# URL Redirection



## Zazula (Apr 27, 2006)

Hi to all of you on the Web, and sorry in advance because I'll be bothering you from now on with my web pet projects... I'm an ignoramus maximus when it comes to web stuff, so please put up with me when I'll be asking trivial things...:sigh: Also, if I happen to post in the wrong place, please feel free to move my thread to the correct one.

Now, my first question addresses the URL Redirection issue. The whole thing is as follows: I want to find a free hosting service (like the awardspace & freehostia mentioned in another thread or http://www.freedomain.co.nr/) and whenever a visitor goes to that address, he gets redirected to another page.

1. Is this something that can work automatically (without ever the free-hosted page to load)?

2. Can the free-hosted page load something and then redirect the visitor?

3. Which one is the best practice? Are there pros and cons?

4. If I select the 2nd option above, what kind of code will I have to write?

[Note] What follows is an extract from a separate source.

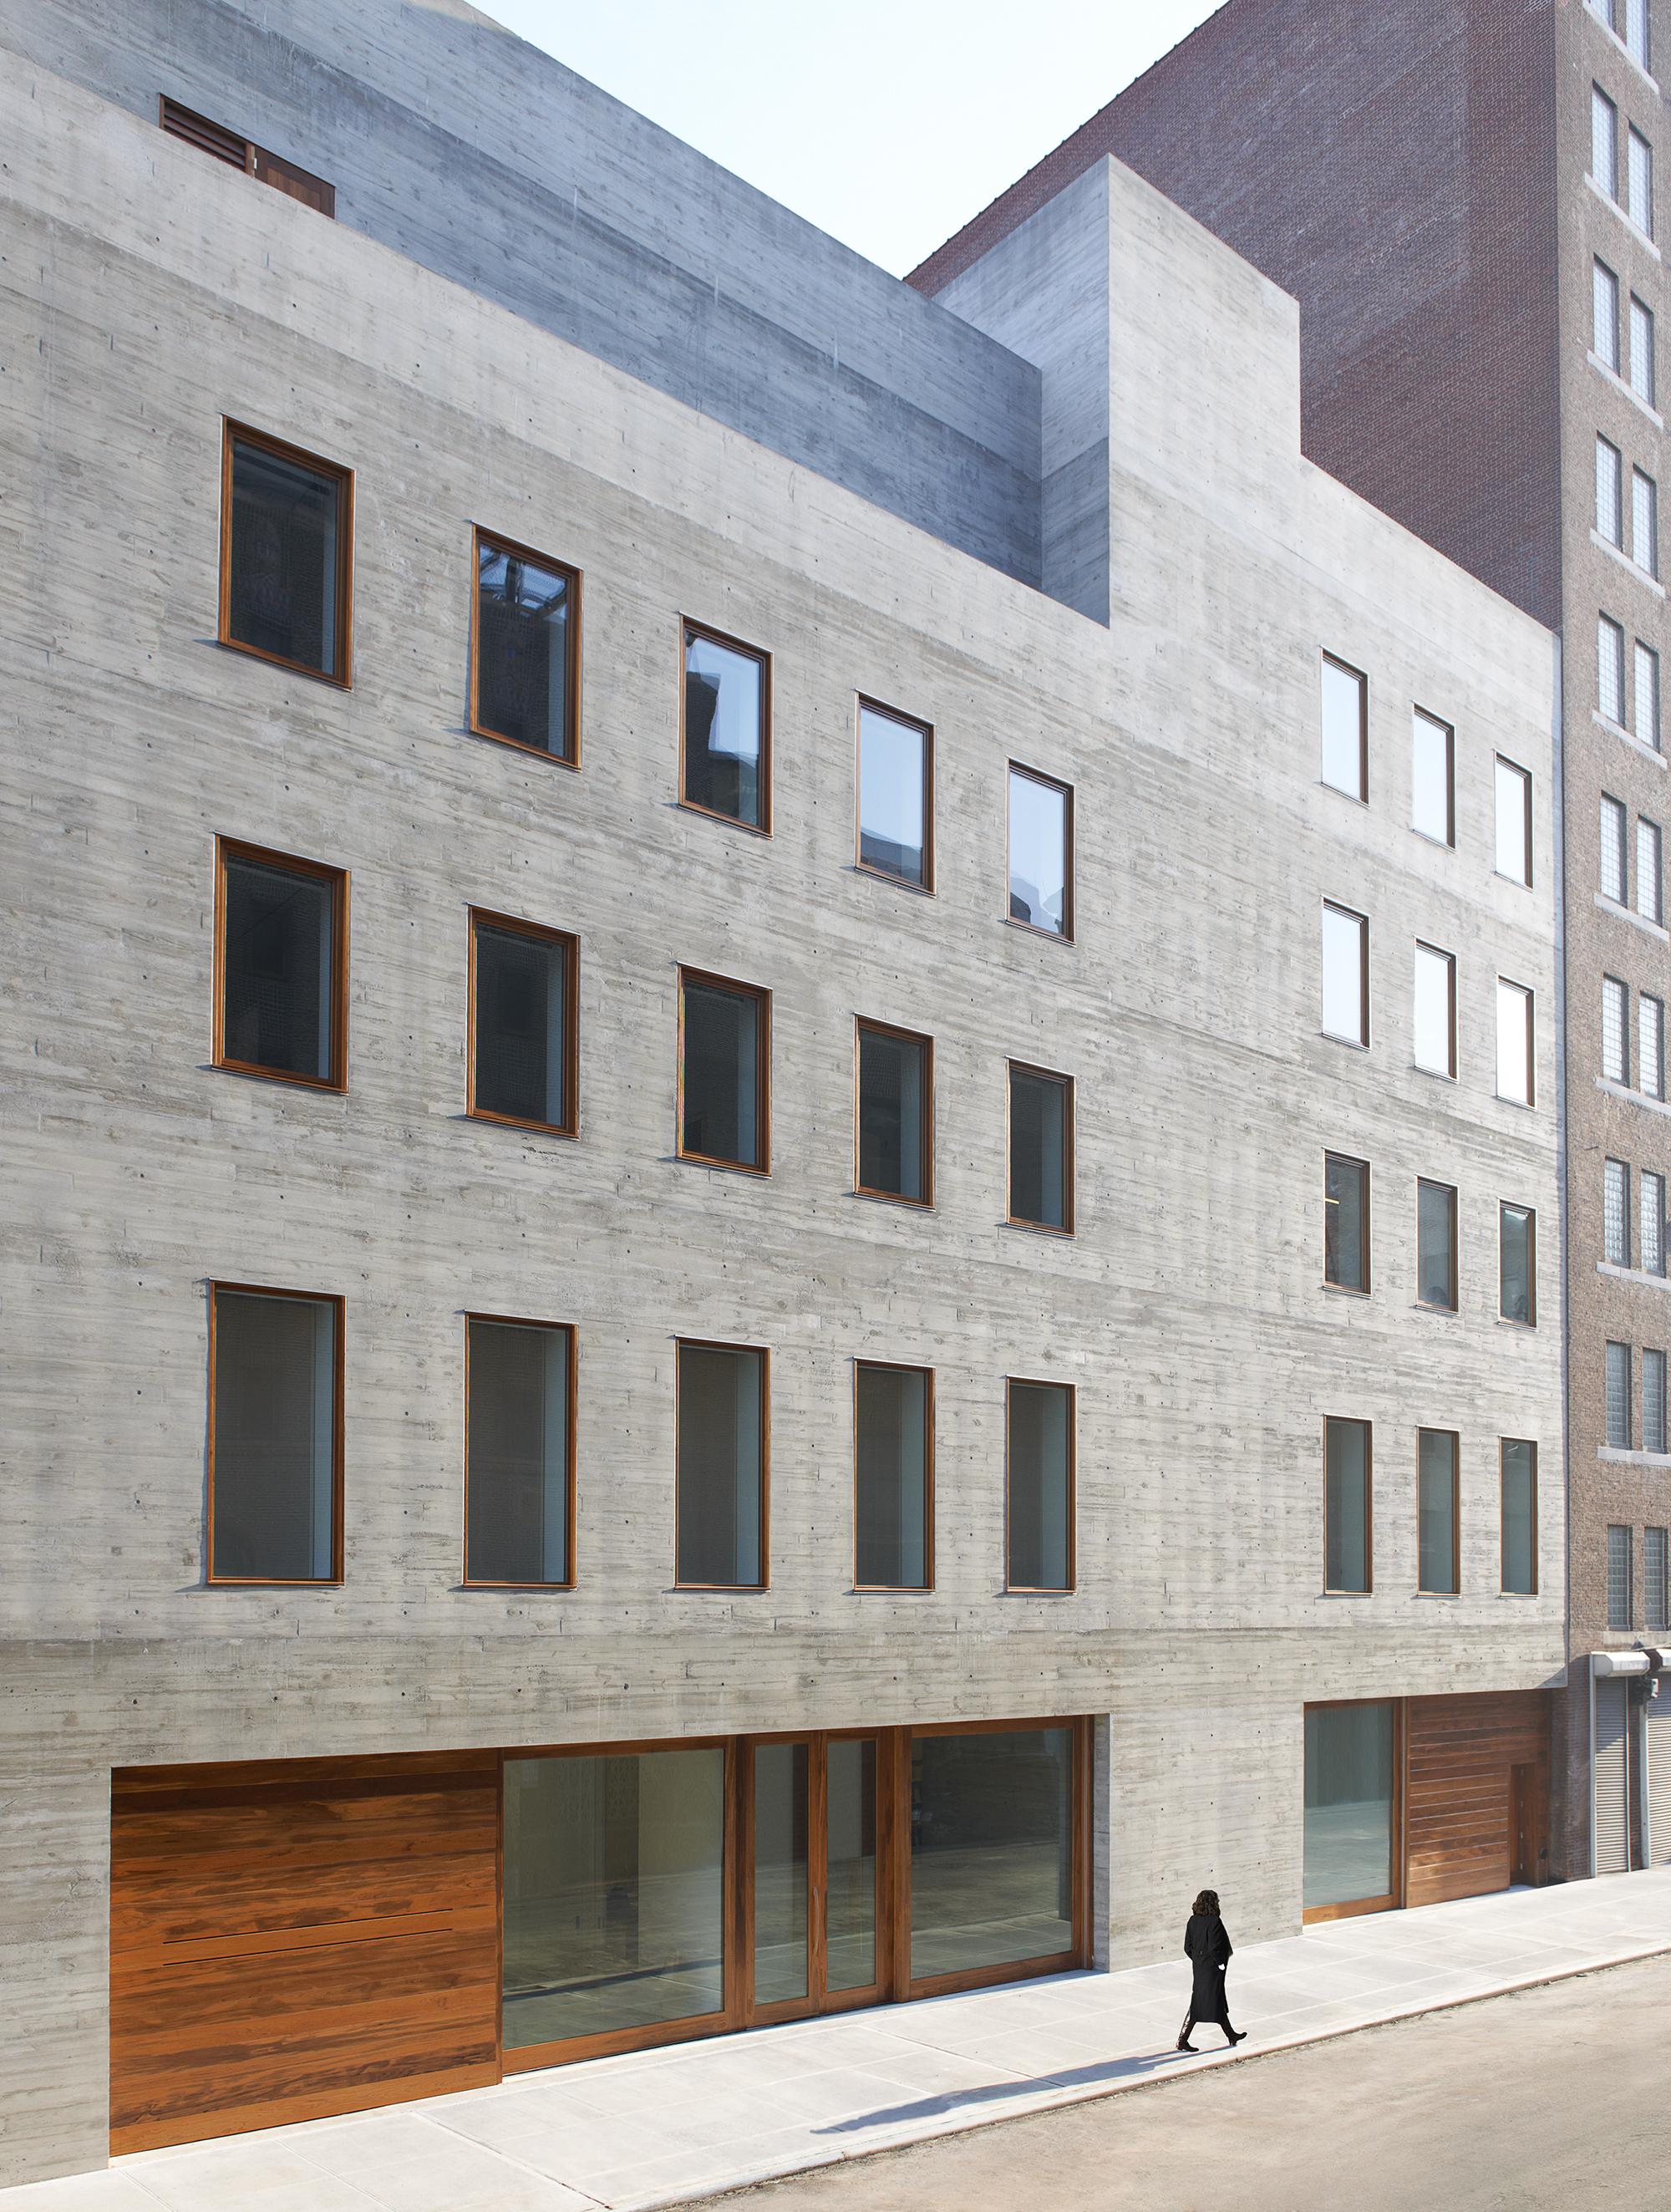 David Zwirner 20th Street, New York, NY, Selldorf Architects. Photo: Jason Schmidt, courtesy of Selldorf Architects.

Thank you very much in advance for your patience. And, in case you're wondering, I don't know any web languages, I read about Nvu in another thread and most probably I'm gonna use something like this (I'm obviously a cheapie...):laugh:


----------



## Skie (Mar 15, 2003)

There's 2 ways of doing this, but only 1 that will probably work for you with a free hosting solution. 

Take a look at this URL on an example of HTML's redirection using a Refresh META tag. http://billstclair.com/html-redirect.html. The page will load, then redirect after the specified number of seconds has passed (you can control this). However, not all browsers will allow this (I know some people that disable this from happening).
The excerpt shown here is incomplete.